INPUT DATA Start Marker
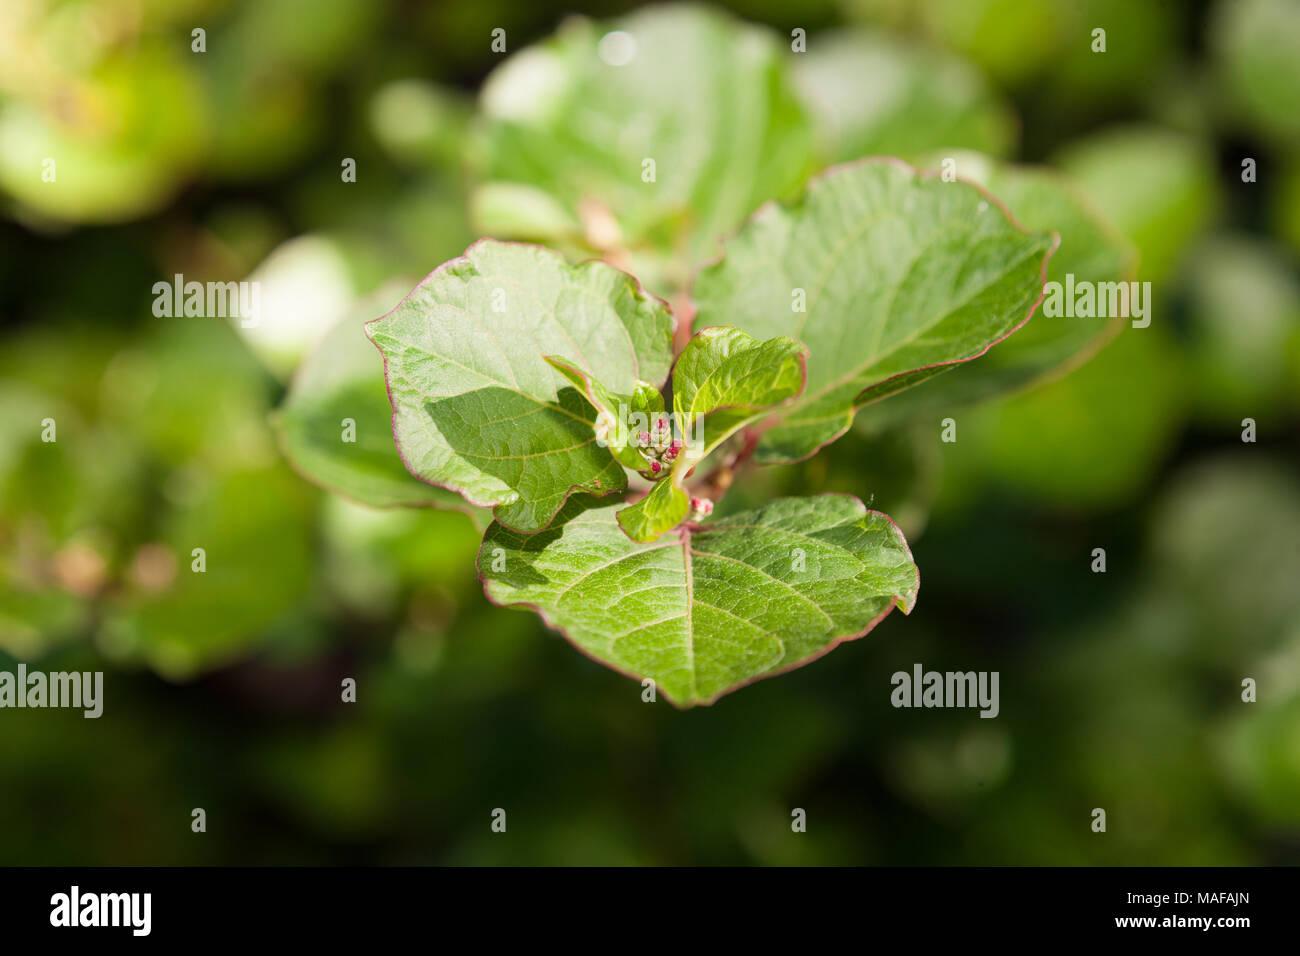 Japanese Knotweed, Parkslide (Fallopia japonica) - Stock Image
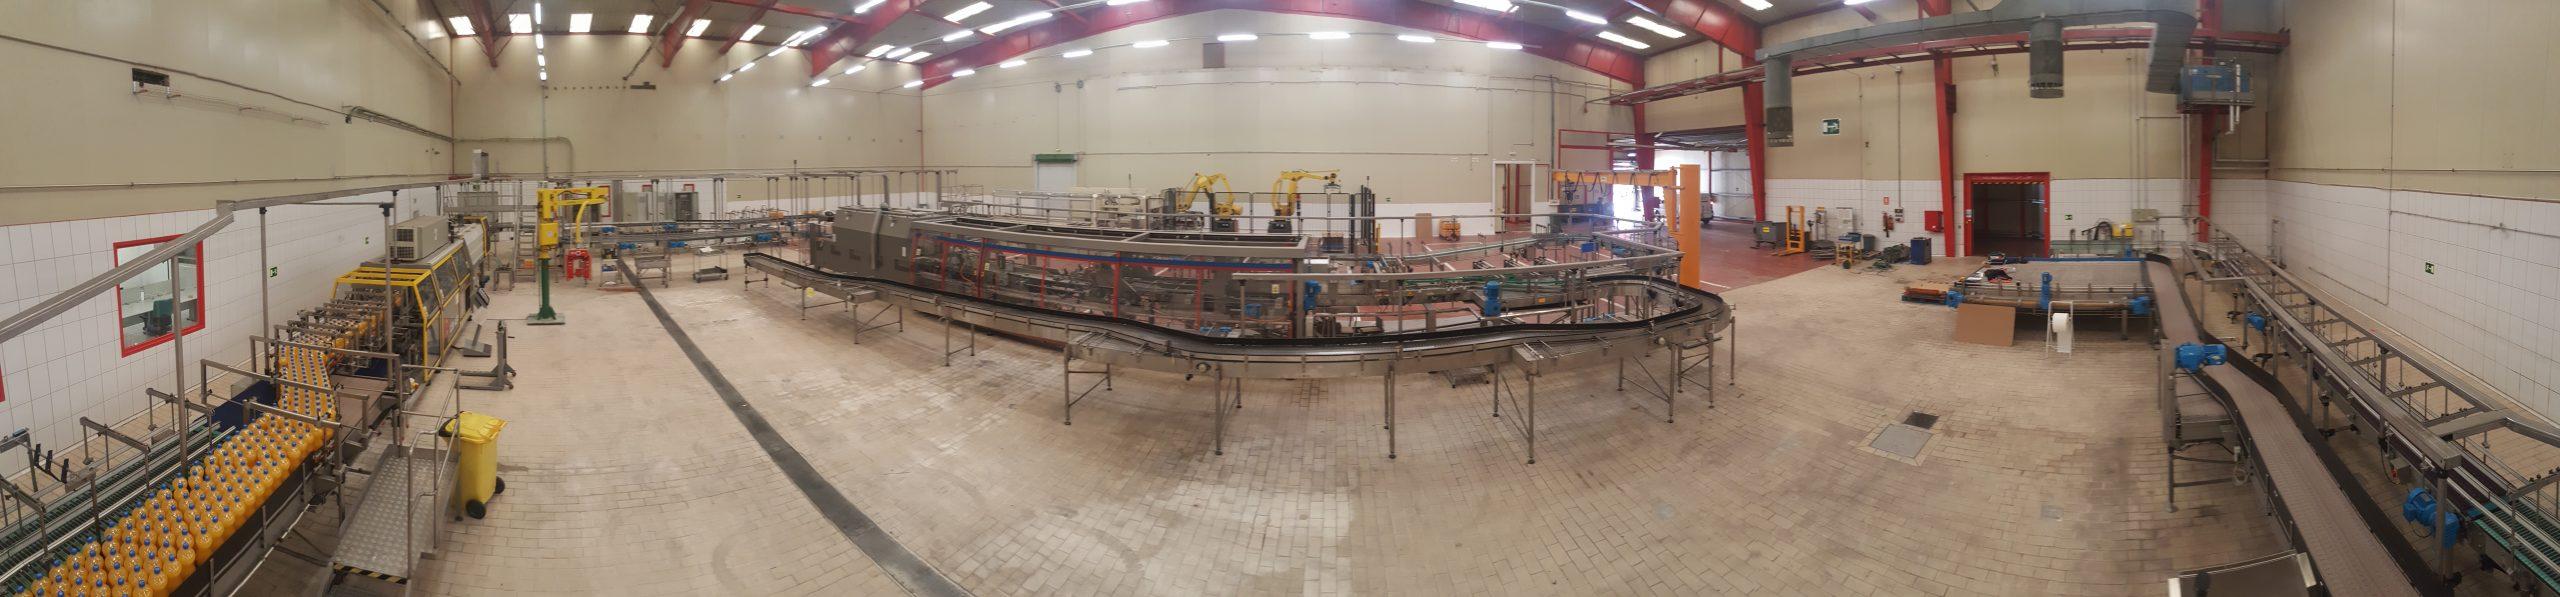 Línea Completa - ENVASER
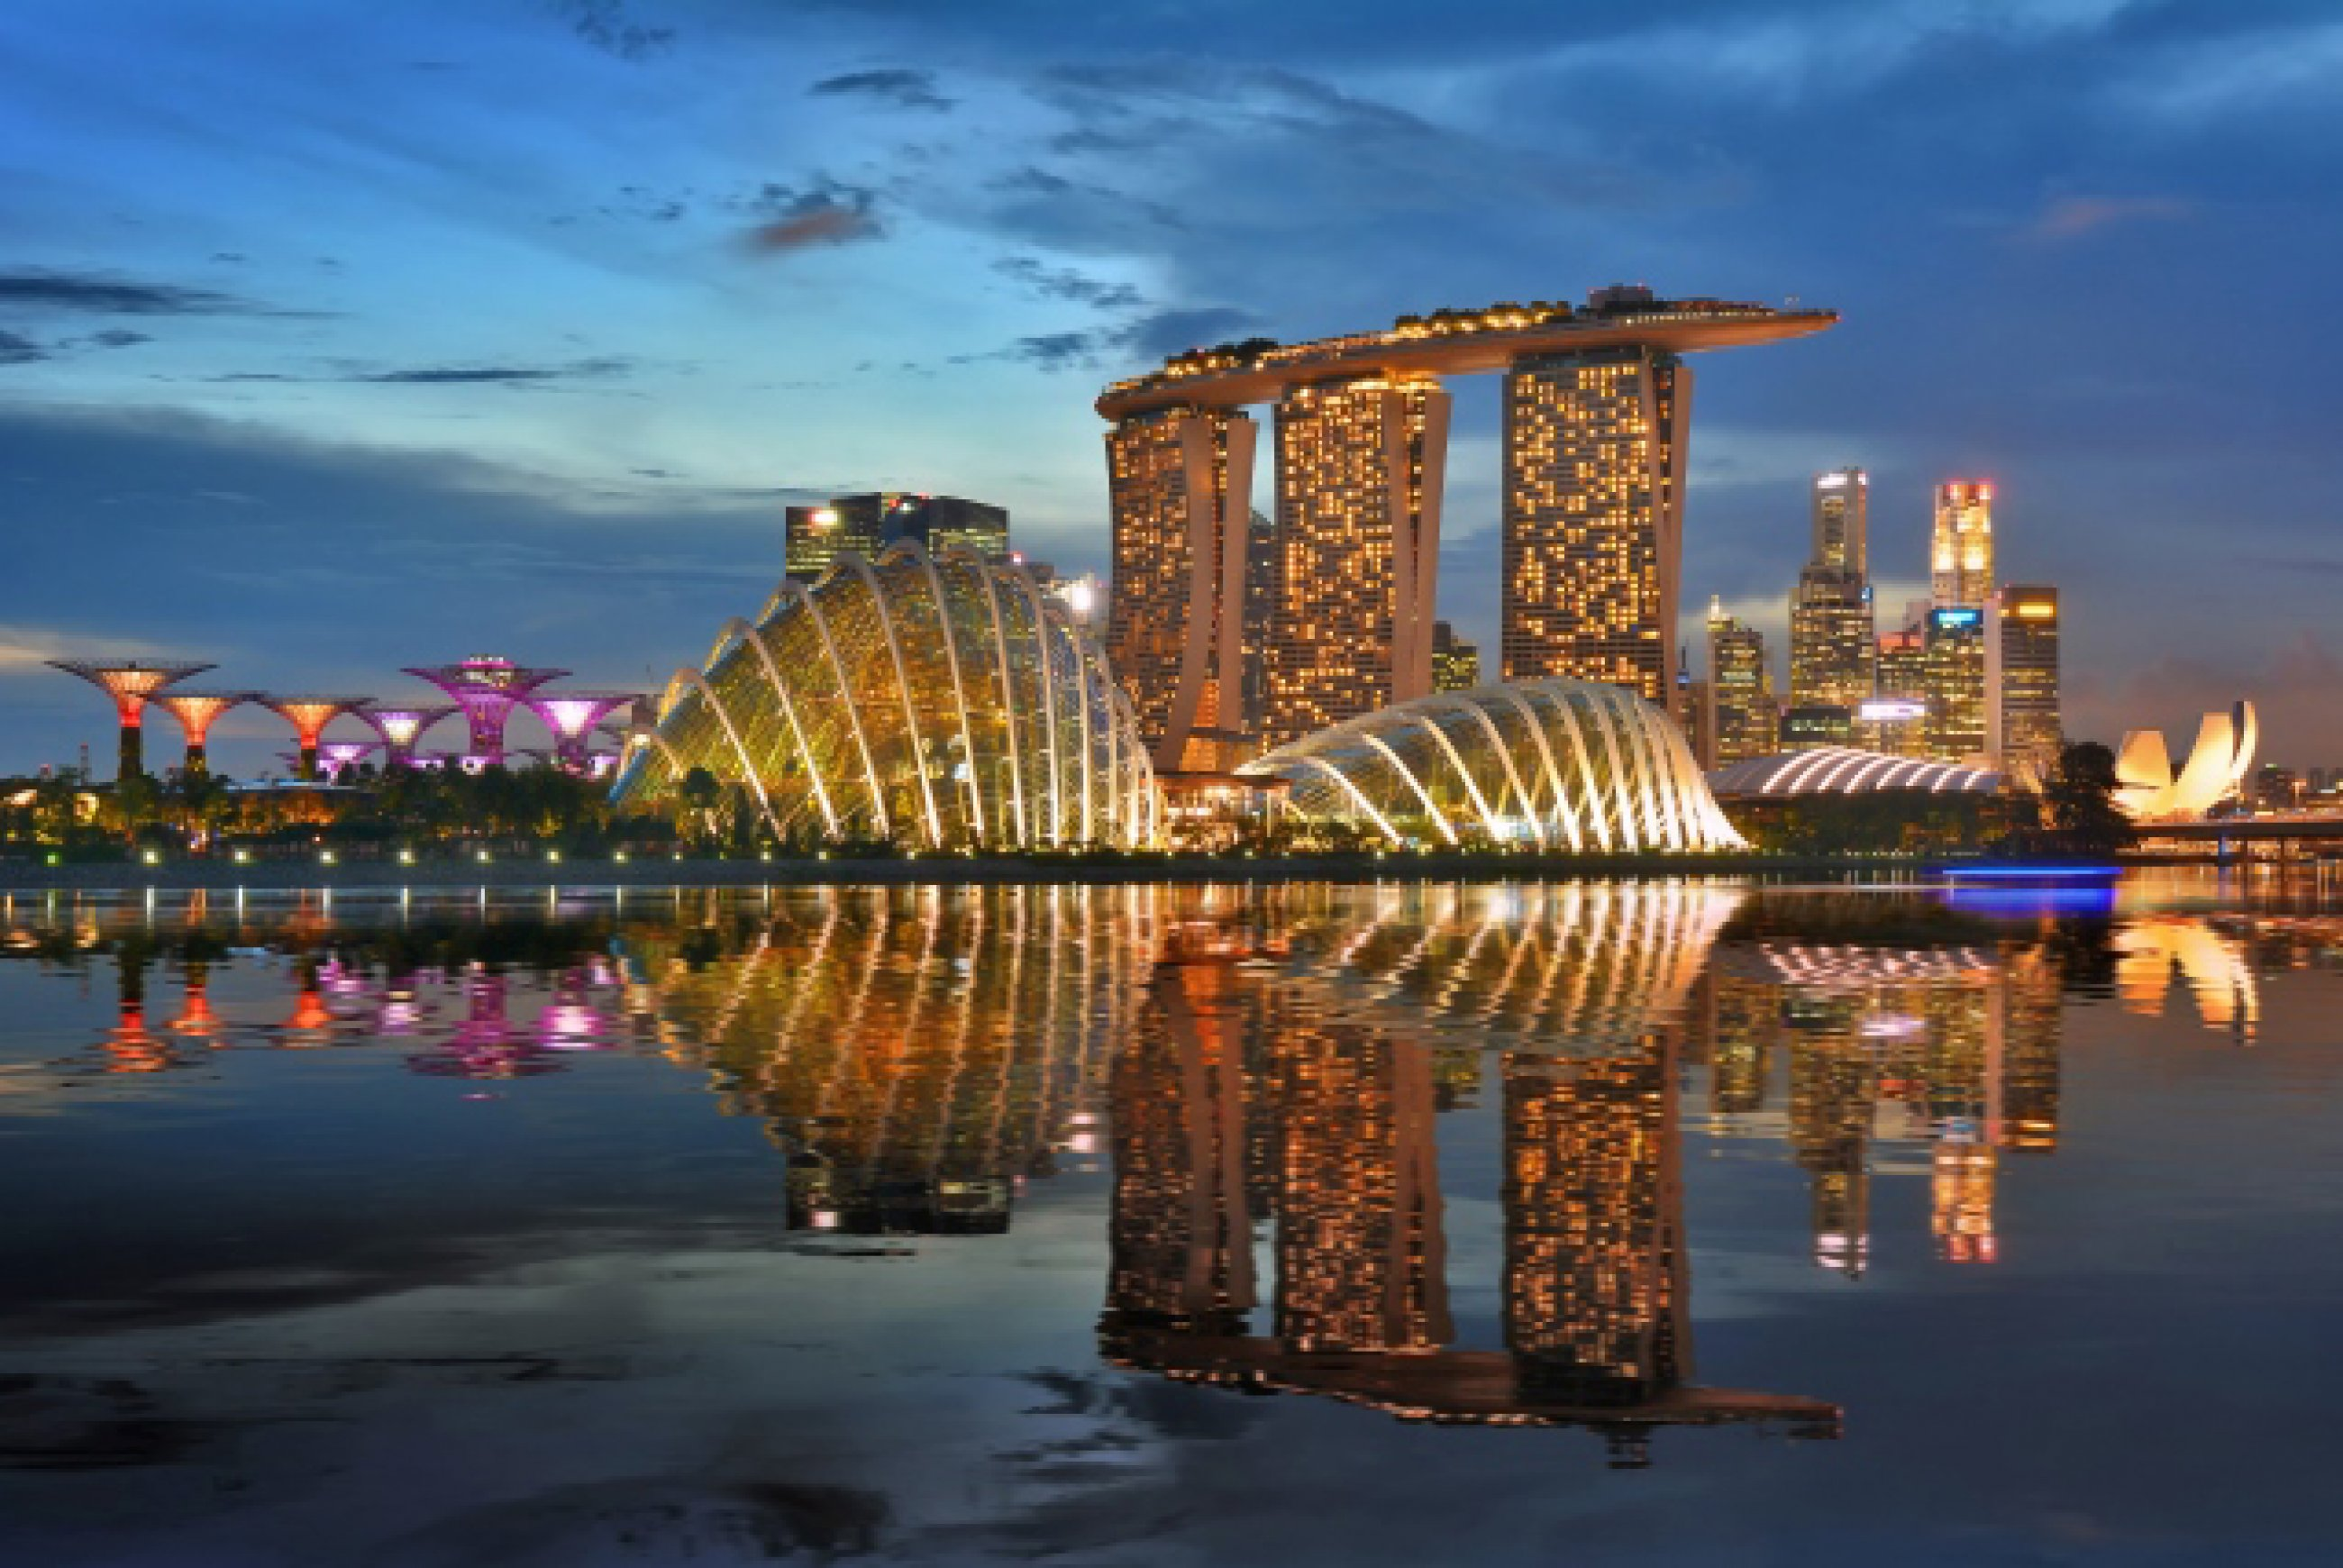 https://bubo.sk/uploads/galleries/8377/building-in-singapore.jpg
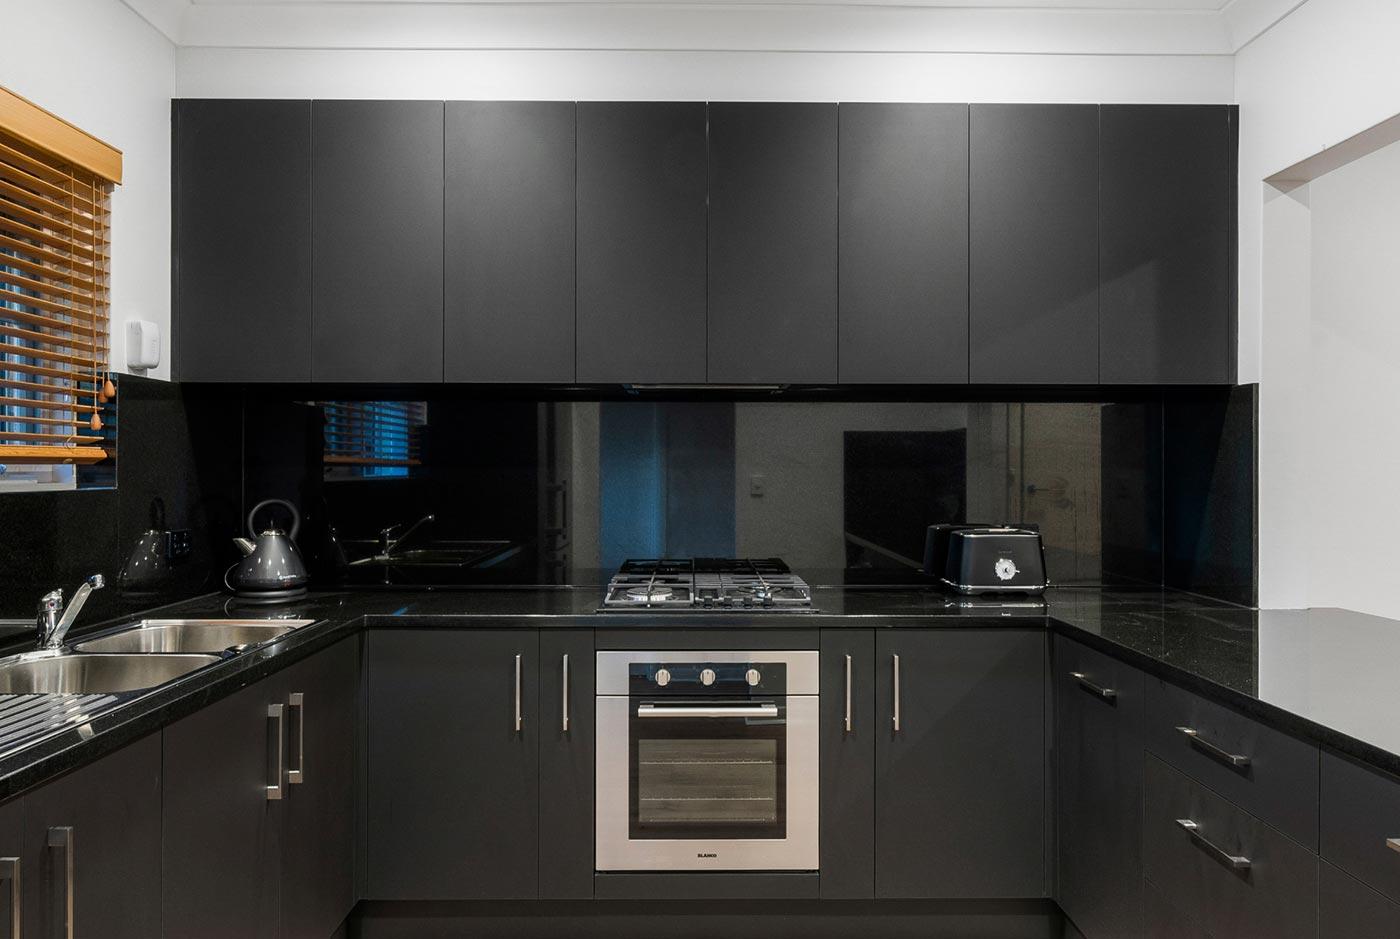 home kitchen renovations image
INPUT DATA End Marker
INSTRUCTIONS TO FOLLOW: Give back the material exactly as written, images excluded.

RESULT OF THIS EXERCISE:
 Japanese Knotweed, Parkslide (Fallopia japonica) - Stock Image
 Línea Completa - ENVASER
 https://bubo.sk/uploads/galleries/8377/building-in-singapore.jpg
 home kitchen renovations image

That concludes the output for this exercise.